What this task involves: Return the listing exactly, please; no pictures.

Data:
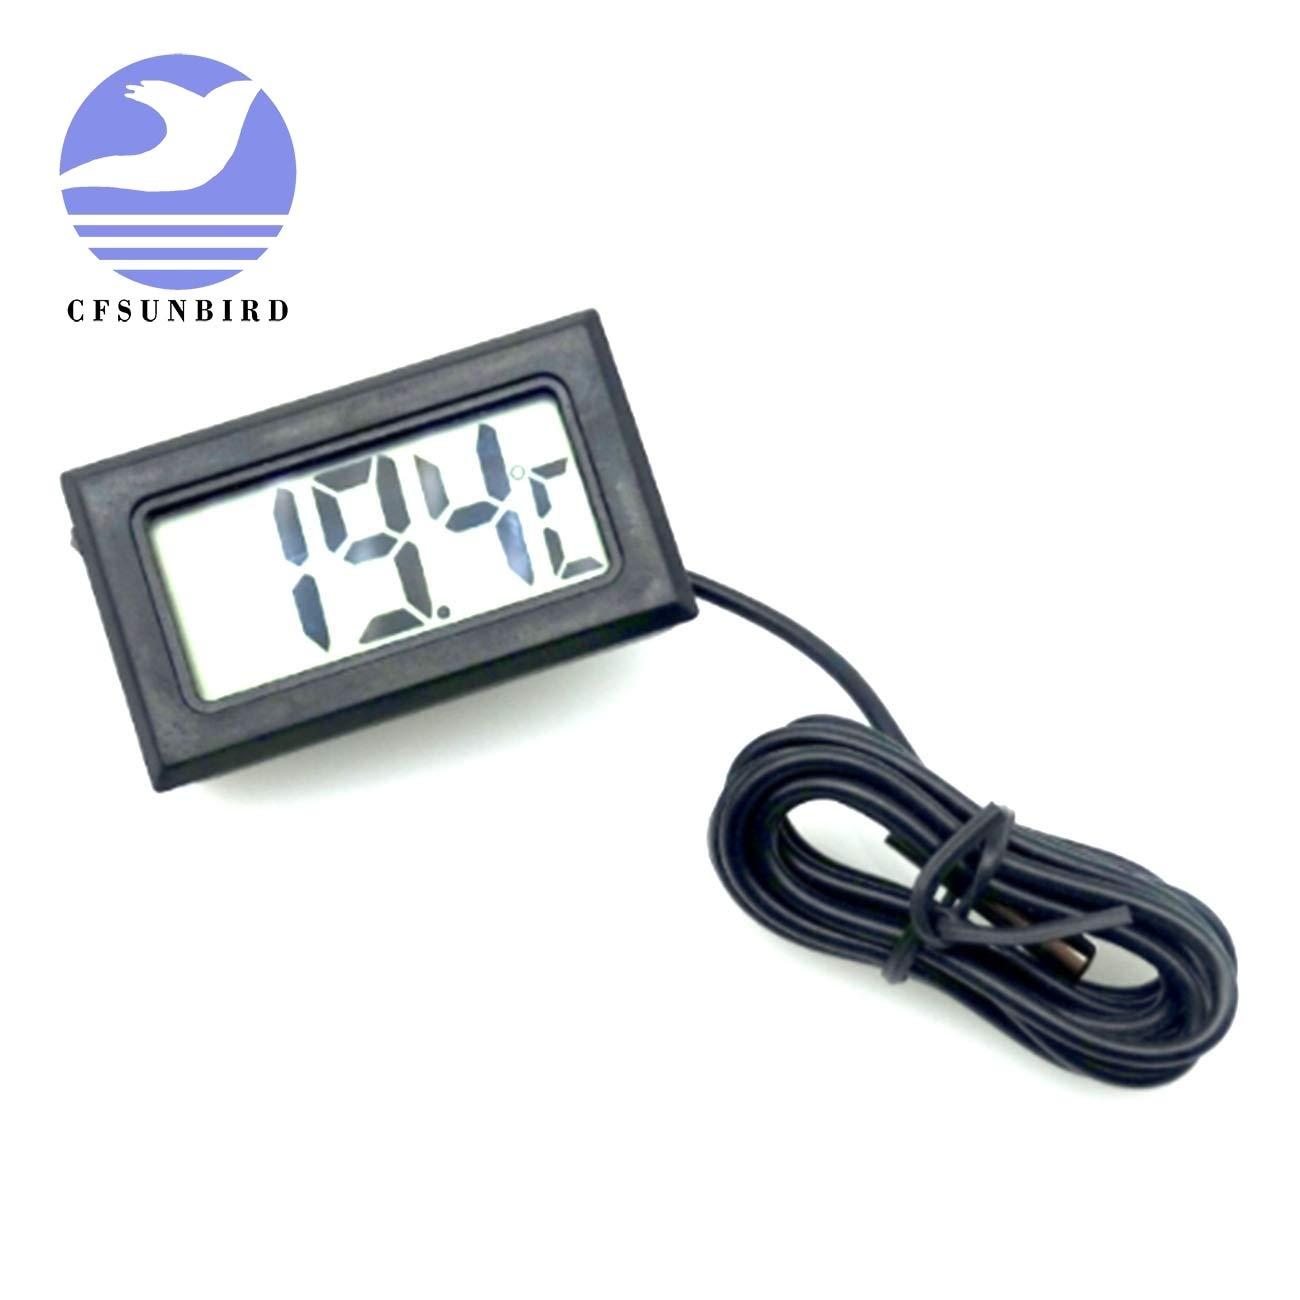 Batcus CFsunbird Digital LCD Probe Fridge Freezer Thermometer Thermograph for Refrigerator 110C Black White
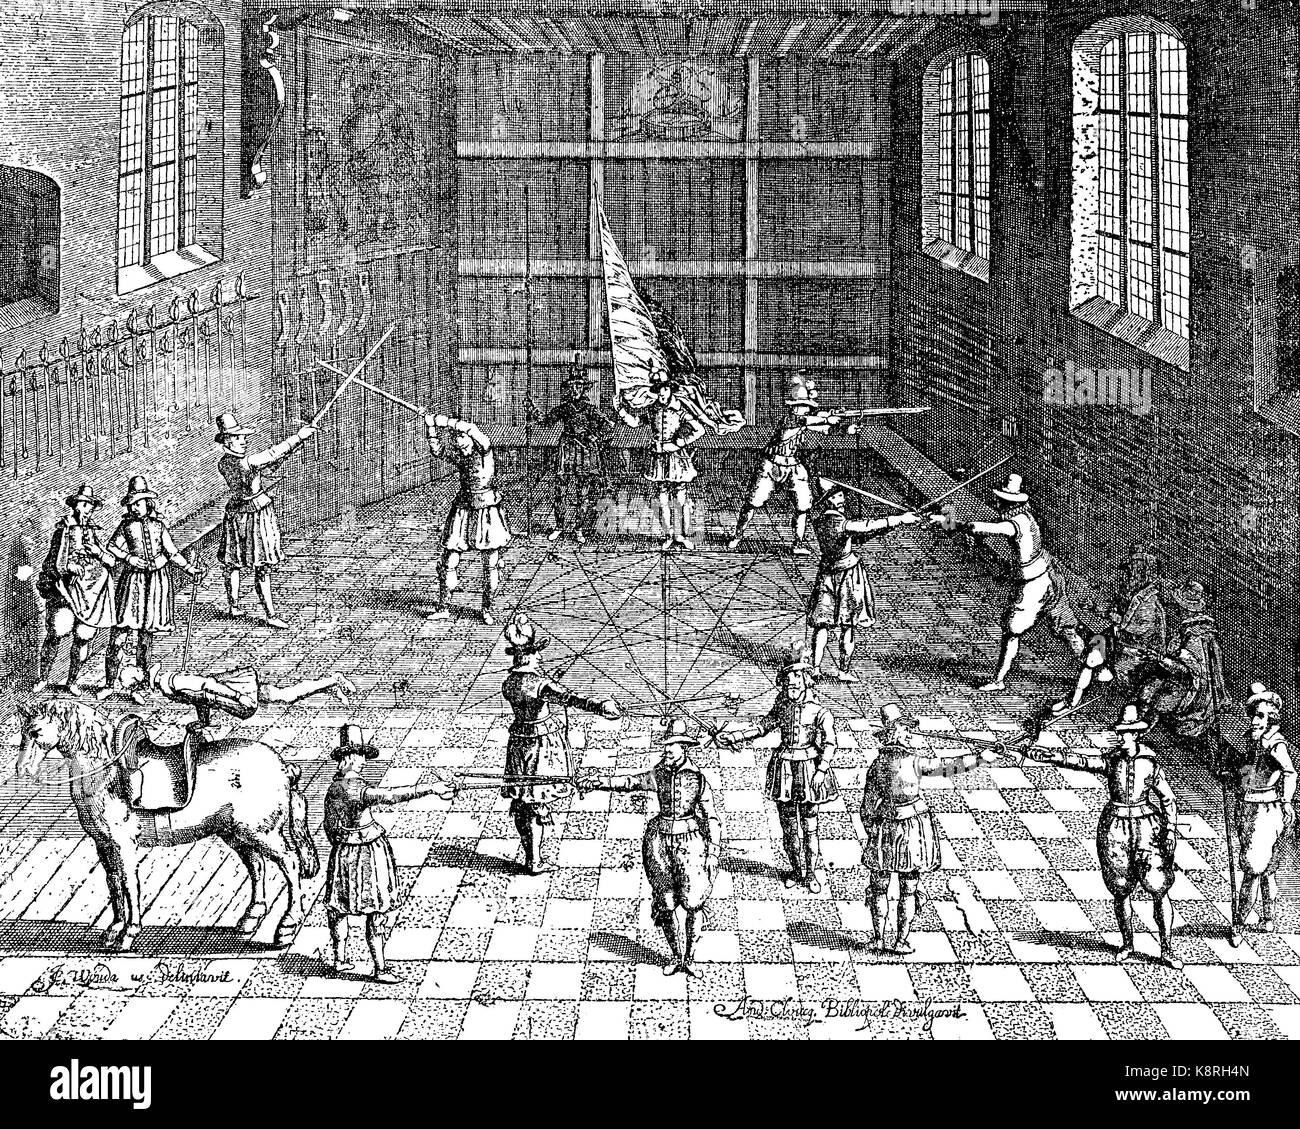 Gli studenti di scherma, Università di Leiden, Olanda, Fechtübungen der Studenten in Leiden, 1610, digital Immagini Stock
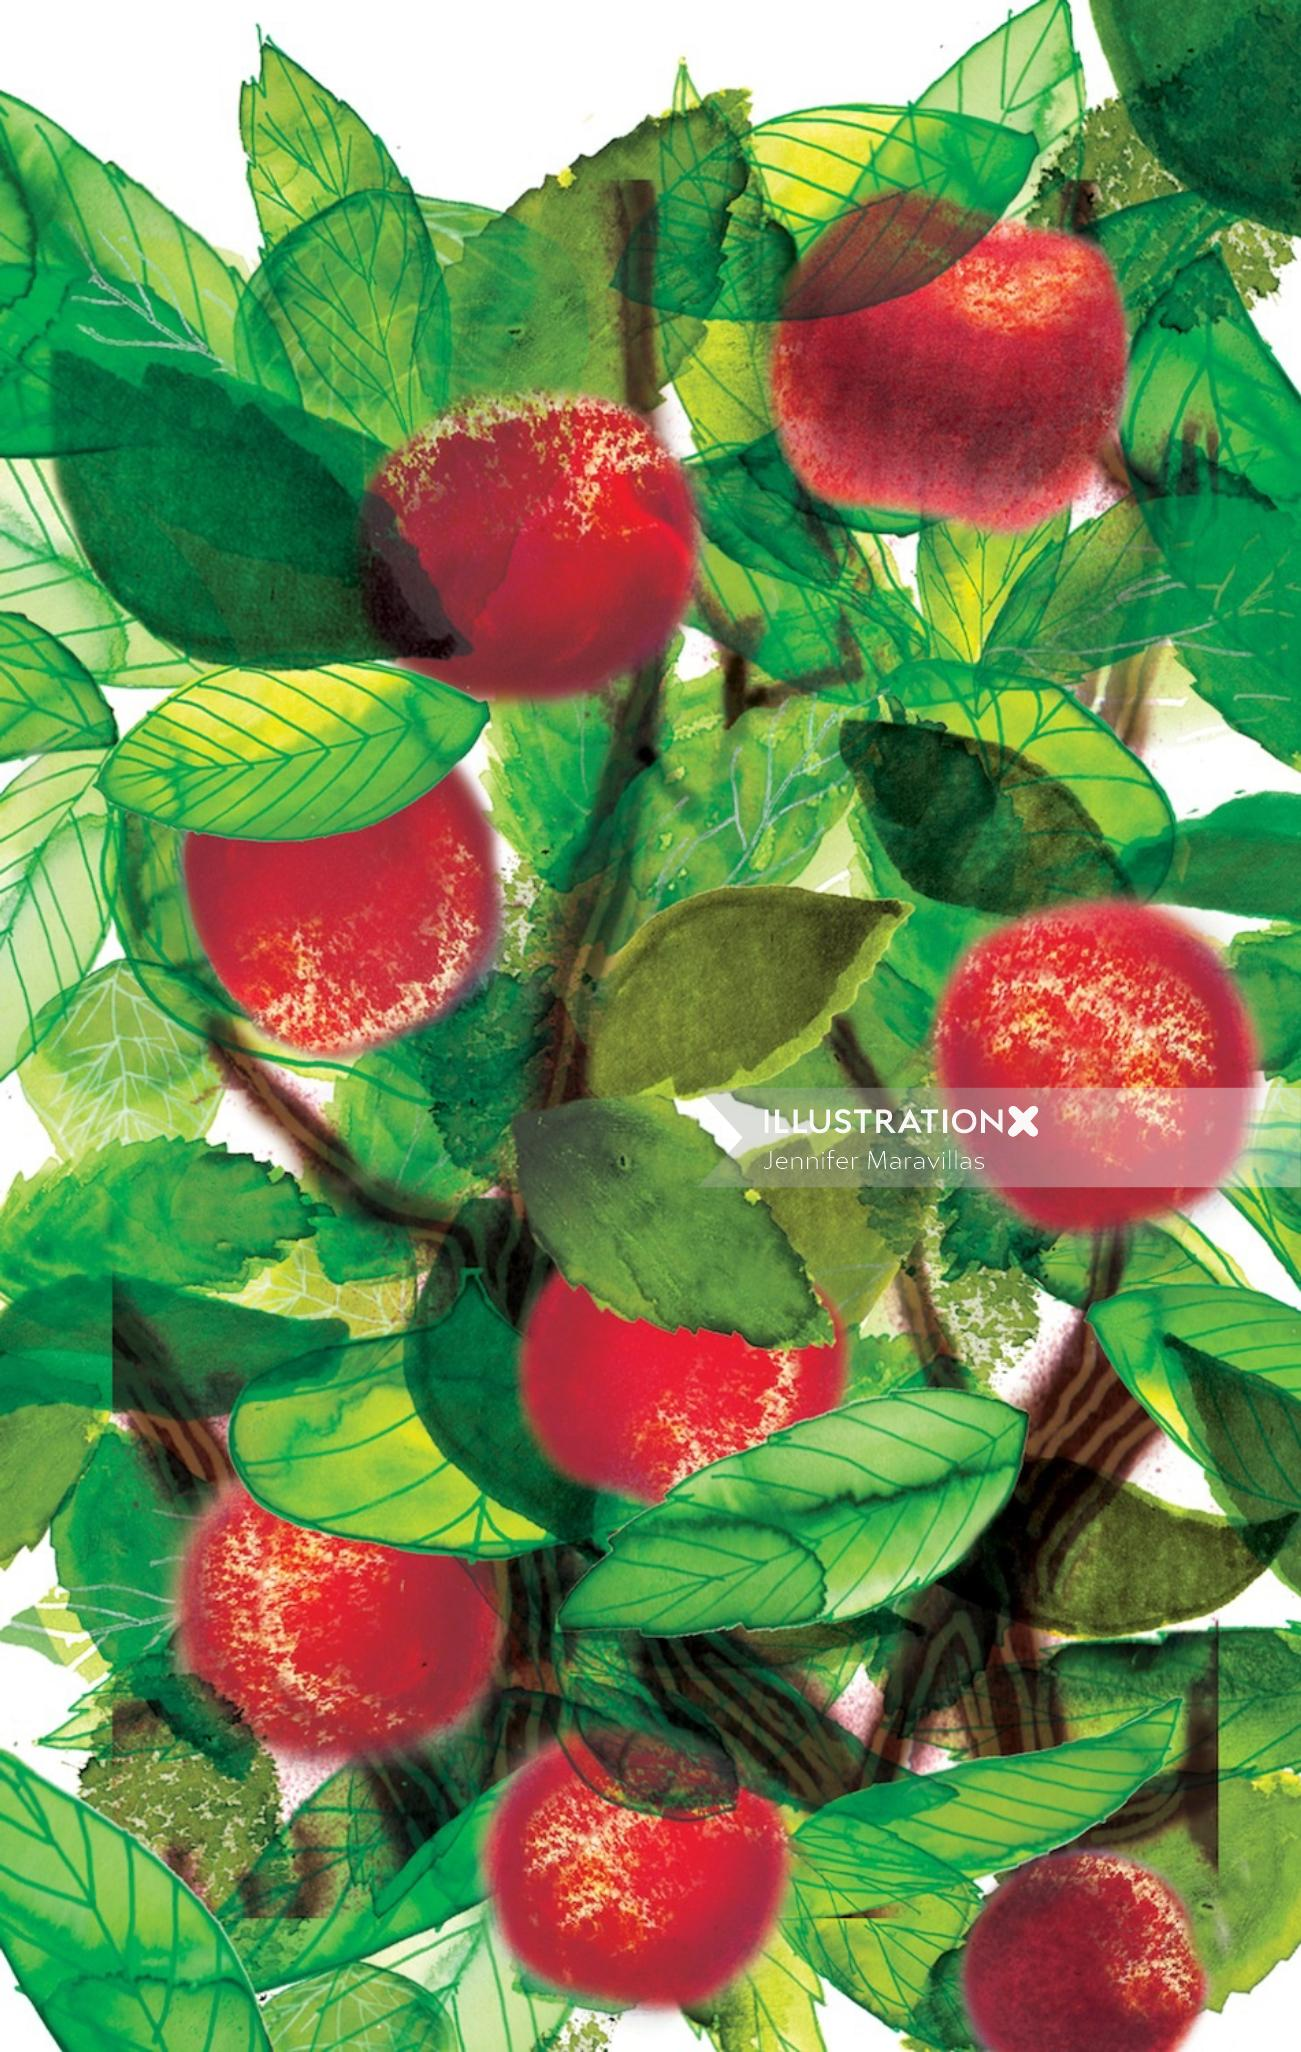 Cherry illustration by Jennifer Maravillas

Answer to the exercise:
 Batcus CFsunbird Digital LCD Probe Fridge Freezer Thermometer Thermograph for Refrigerator 110C Black White
 Gli studenti di scherma, Università di Leiden, Olanda, Fechtübungen der Studenten in Leiden, 1610, digital Immagini Stock
 Cherry illustration by Jennifer Maravillas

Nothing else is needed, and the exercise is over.